Note that you are not using nn.CrossEntropyLoss
correctly, as this criterion expects logits and will apply F.log_softmax
internally, while probs
already contains probabilities, as @KFrank explained.
So, let’s change the criterion to nn.NLLLoss
and apply the torch.log
manually.
This approach is just to demonstrate the formula and shouldn’t be used, as torch.log(torch.softmax())
is less numerically stable than F.log_softmax
.
Also, the default reduction for the criteria in PyTorch will calculate the average over the observations, so lets use reduction='sum'
.
Given that you’ll get:
criterion = nn.NLLLoss(reduction='sum')
loss = criterion(torch.log(probs1), target)

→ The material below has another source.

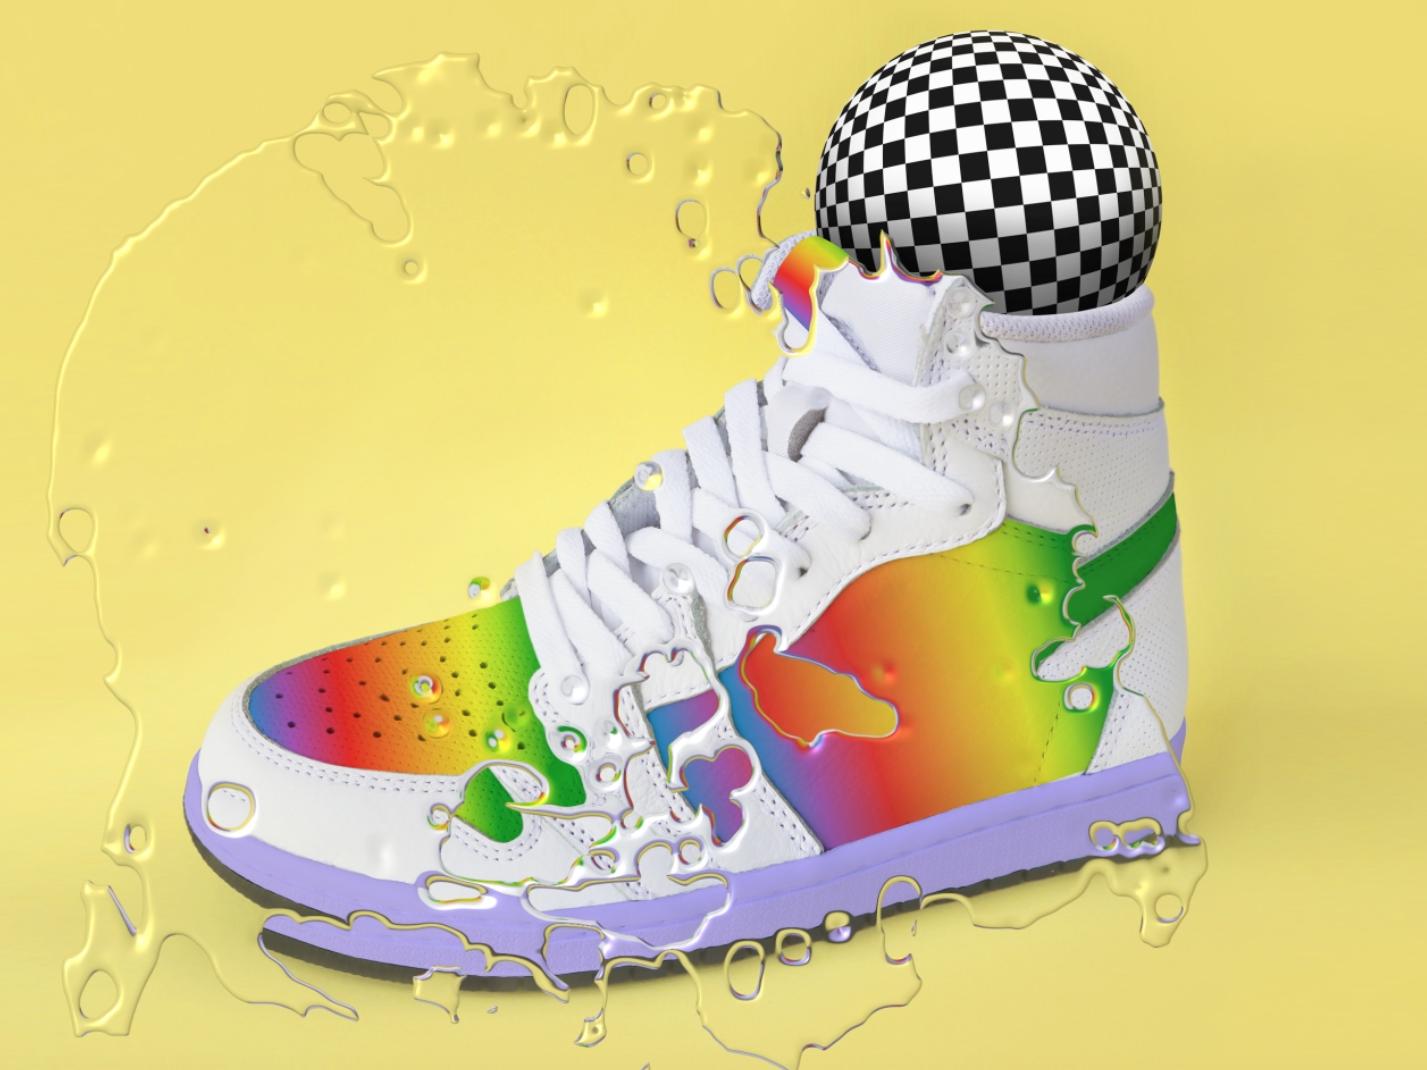 Sneaker Illustration illustrator poster nike setdesign contemporary art printdesign design graphic graphicdesign distort aftereffect 3d illustrated shoe sneaker illustration
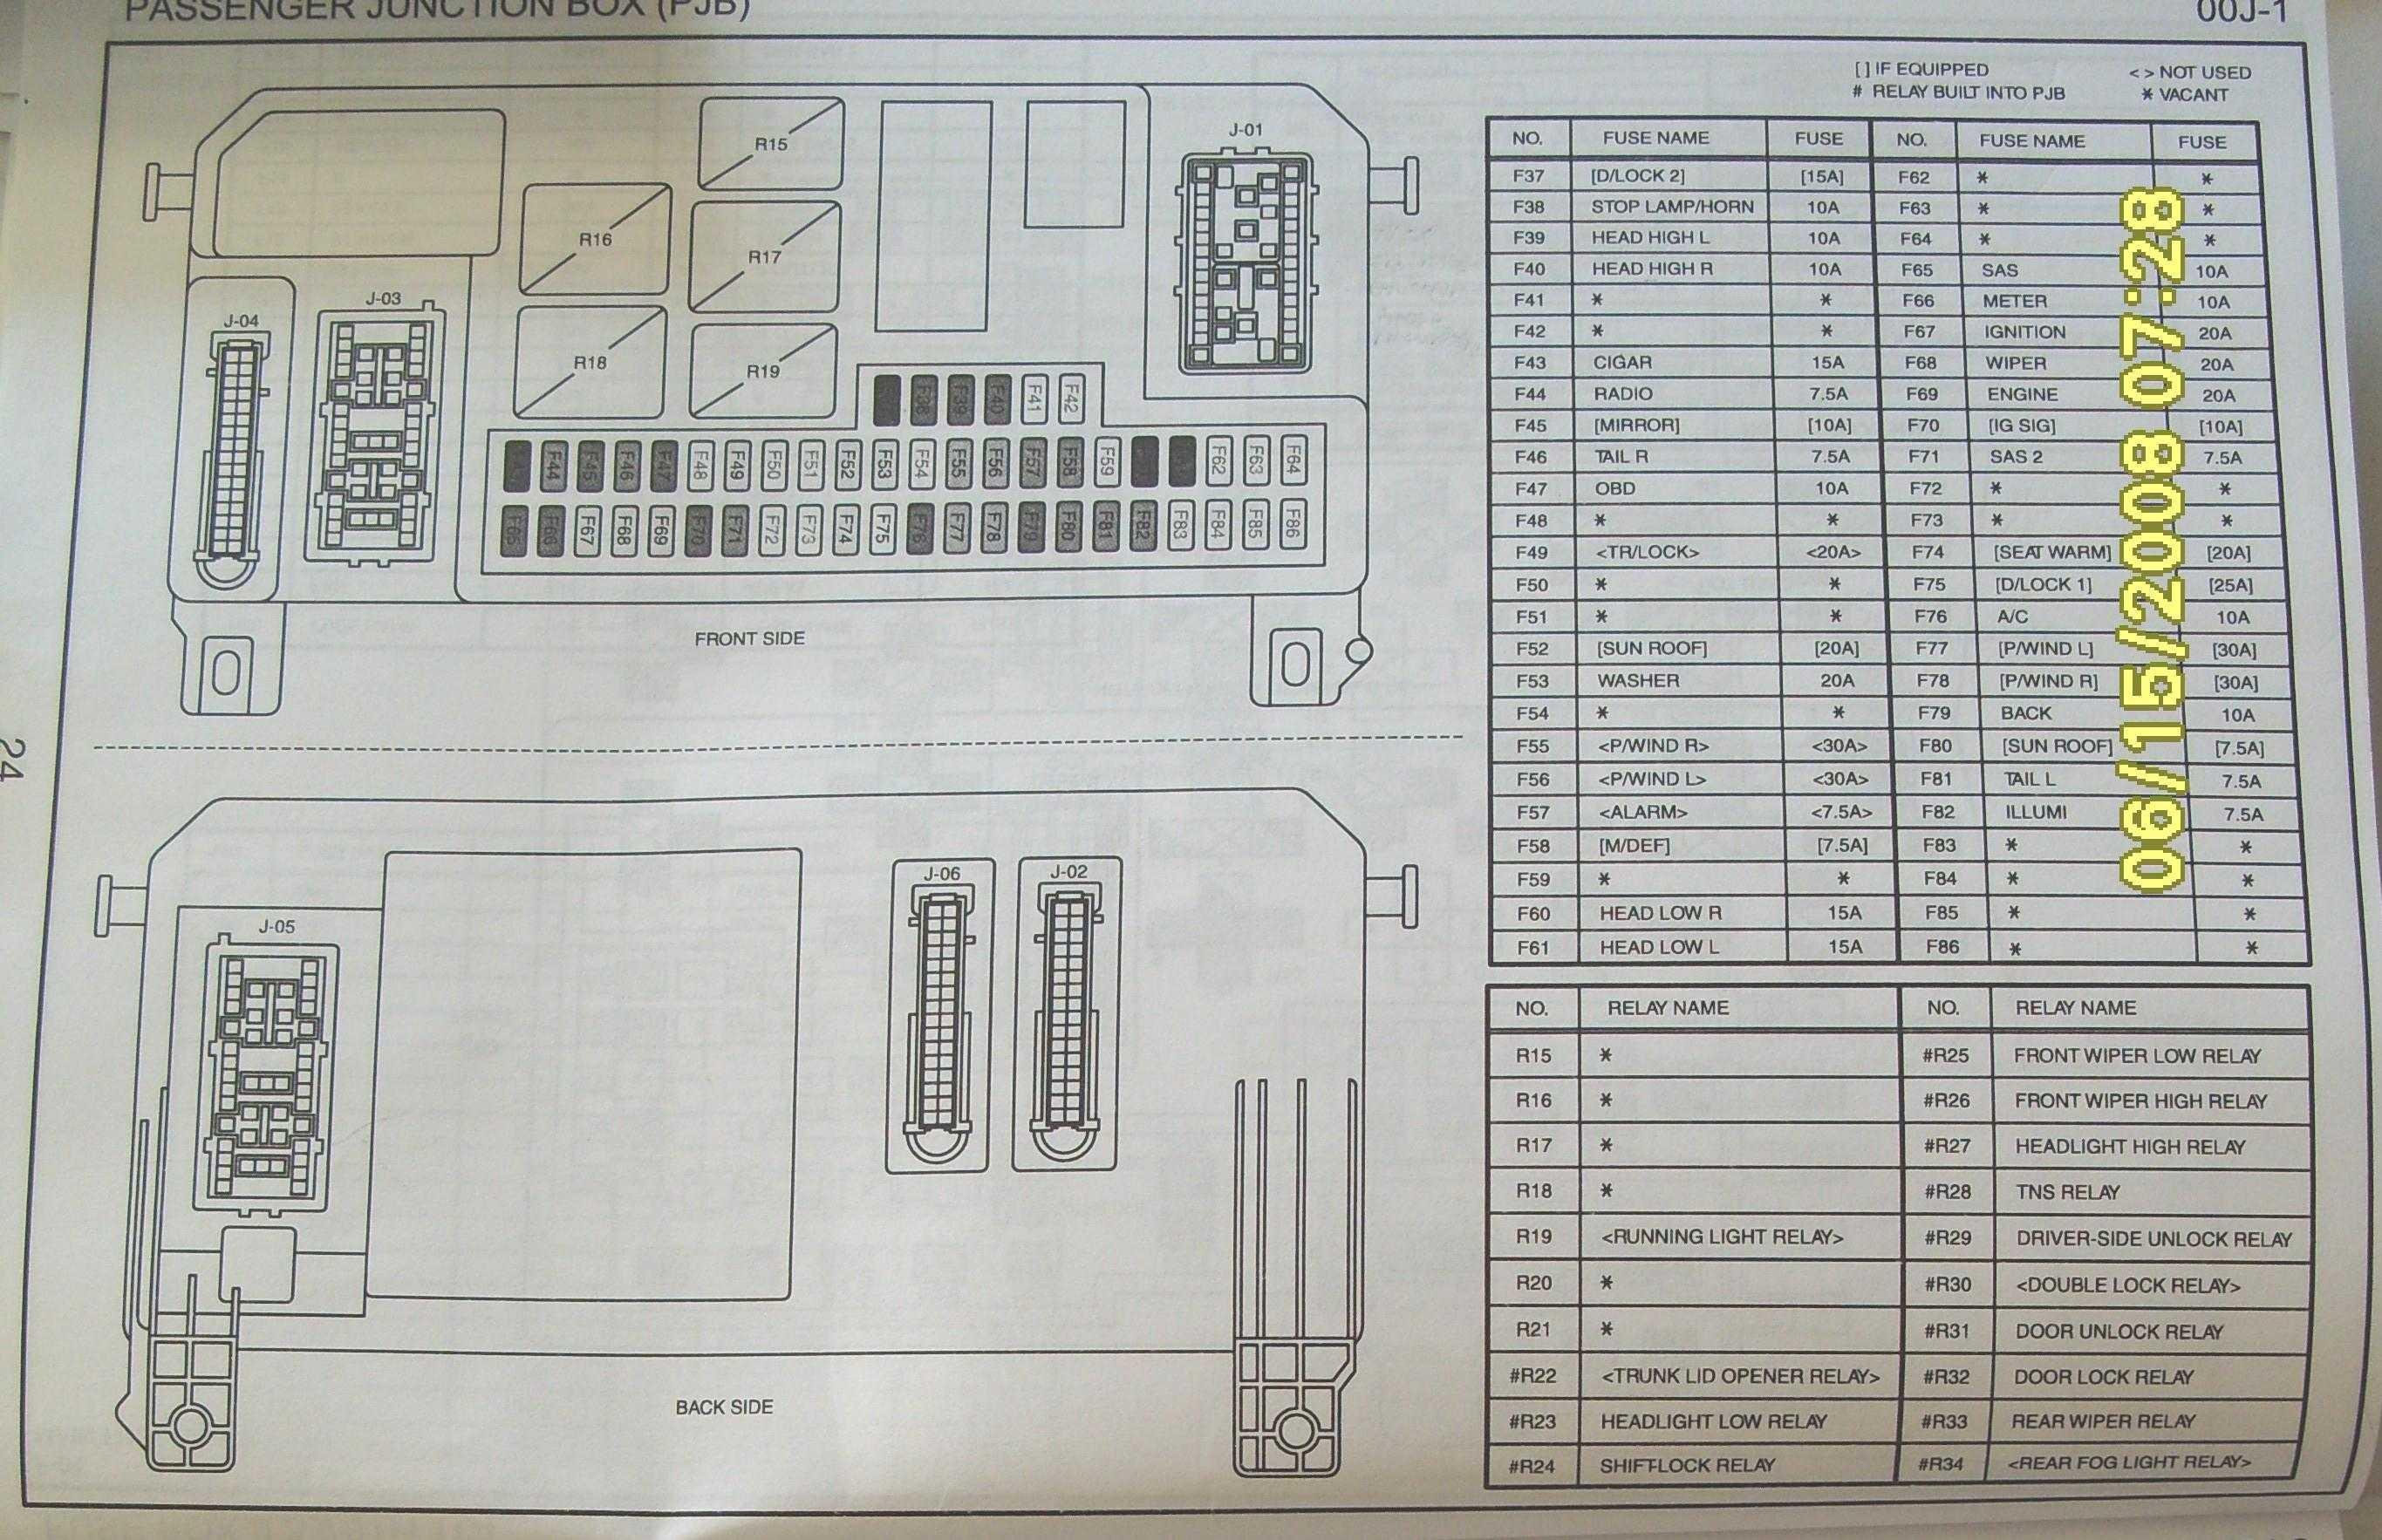 mazda 3 2006 fuse diagram wiring diagrams  2006 mazda 3 fuse box diagram #14

The manual approach from your formula would correspond to:
# Manual approach using your formula
one_hot = F.one_hot(target, num_classes = 3)
one_hot = one_hot.permute(0, 3, 1, 2)
ce = (one_hot * torch.log(probs1 + 1e-7))[one_hot.bool()]
ce = -1 * ce.sum()
While the manual approach from the PyTorch docs would give you:
# Using the formula from the docs
loss_manual = -1 * torch.log(probs1).gather(1, target.unsqueeze(1))
loss_manual = loss_manual.sum()
We should get the same results:
print(loss, ce, loss_manual)
> tensor(2.8824) tensor(2.8824) tensor(2.8824)
which looks correct.